When the NCAA began investigating the fraud, the assistant coach instructed the players to delete any text messages that were relevant to the investigation. She told the players to lie about the staff’s involvement in paying for the course and to say that the athletes had completed all their assignments on their own.
The university dismissed both coaches in 2012, and placed its head women’s basketball coach on administrative leave.
“The NCAA has alleged, and we agree, that serious violations have occurred,” the university said in a statement. “Most of the more significant violations resulted from either intentional misconduct and efforts to conceal that misconduct by former employees who face unethical conduct charges and personal sanctions.”
In the summer of 2010, David Saunders, then an assistant coach for the football team, arranged for three prospective athletes to take their ACT exams at Wayne County High School in Waynesboro, Miss.

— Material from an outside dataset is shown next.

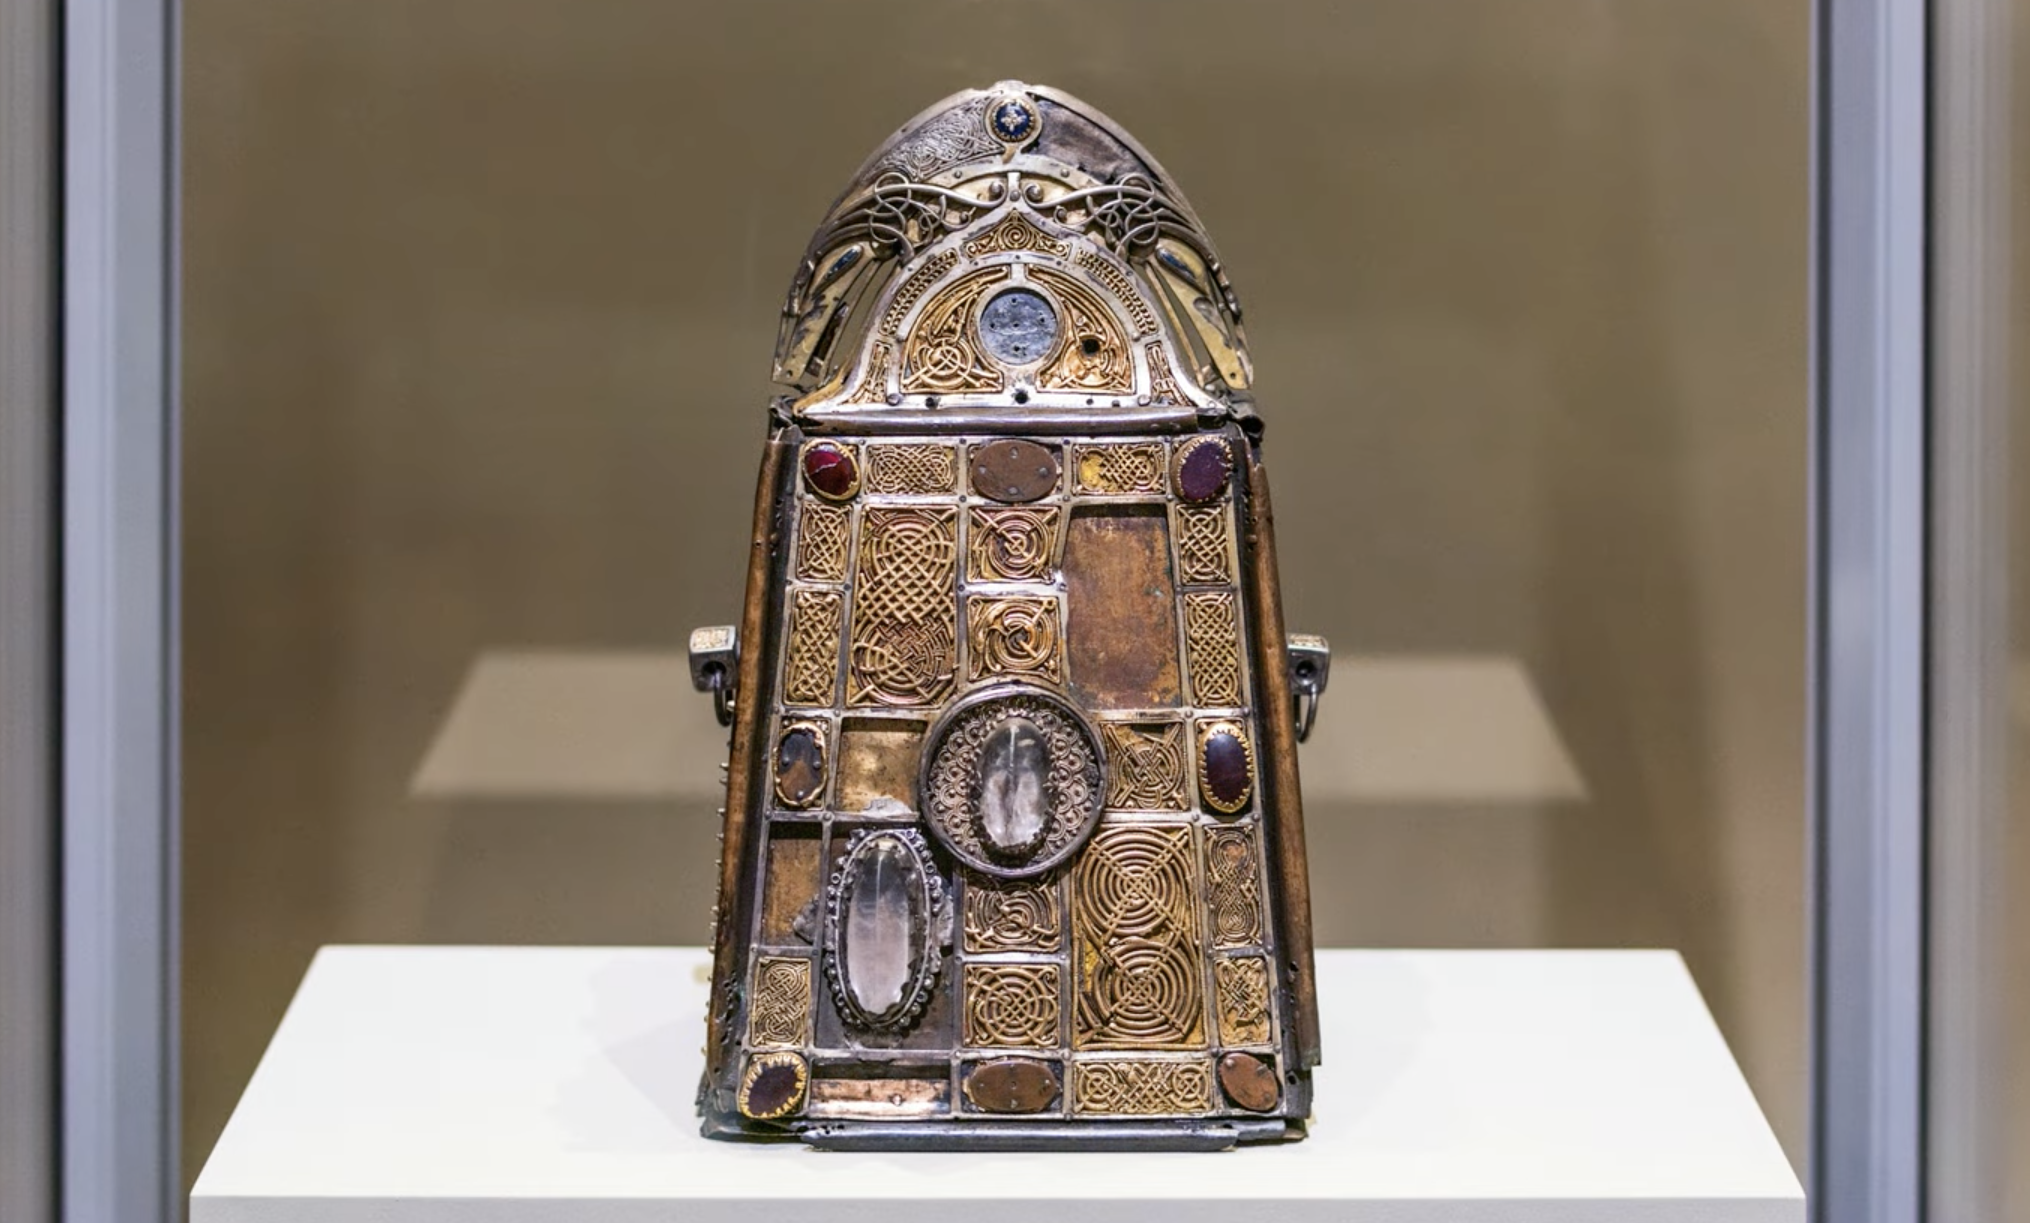 Saint Patrick's Bell and Shrine; bell: 8th–9th century C.E., iron; shrine: c. 1100 C.E., copper-alloy box, silver gilt, gold, silver, gilt-copper, rock crystal, colored stones, 26.7 x 15.5 cm (National Museum of Ireland, Dublin)

According to the NCAA’s notice of allegations, Saunders told the recruits to refrain from answering any questions that they found difficult. Saunders then arranged for the ACT supervisor at the testing site to alter the exam answer sheets so they would receive higher, fraudulent, scores.
If this situation sounds familiar, it’s because Saunders later pulled the same scam as an assistant coach at the University of Louisiana at Lafayette.
According to an NCAA investigation earlier this year, the assistant coach arranged for Louisiana-Lafayette recruits to take or retake the ACT at the same Mississippi testing center he used in 2010, even though it was hundreds of miles from where the players lived. In most cases, the athletes had performed poorly the first time they took the test, and on the answer sheets from the Mississippi center, scores of responses were changed.
The University of Louisiana at Lafayette was sanctioned by the NCAA, and said it generally accepted the association’s findings, but it is suing ACT for not taking “reasonable precautions” to ensure the scores were valid.
In its response to the NCAA notice of allegations, the University of Mississippi also said that it accepted responsibility for the actions of its former employees, but noted that it had flagged the test scores as potentially fraudulent upon receiving them in 2010. Noticing that the scores were far higher than what the athletes had usually produced, the university asked that ACT review and validate the results.
“Like other NCAA institutions across the country, the university reasonably relied on ACT to take appropriate steps to determine whether the test scores were valid,” the notice stated. “The university did not admit the student-athletes, give them financial aid, or allow them to participate in football activities until after ACT validated the scores.”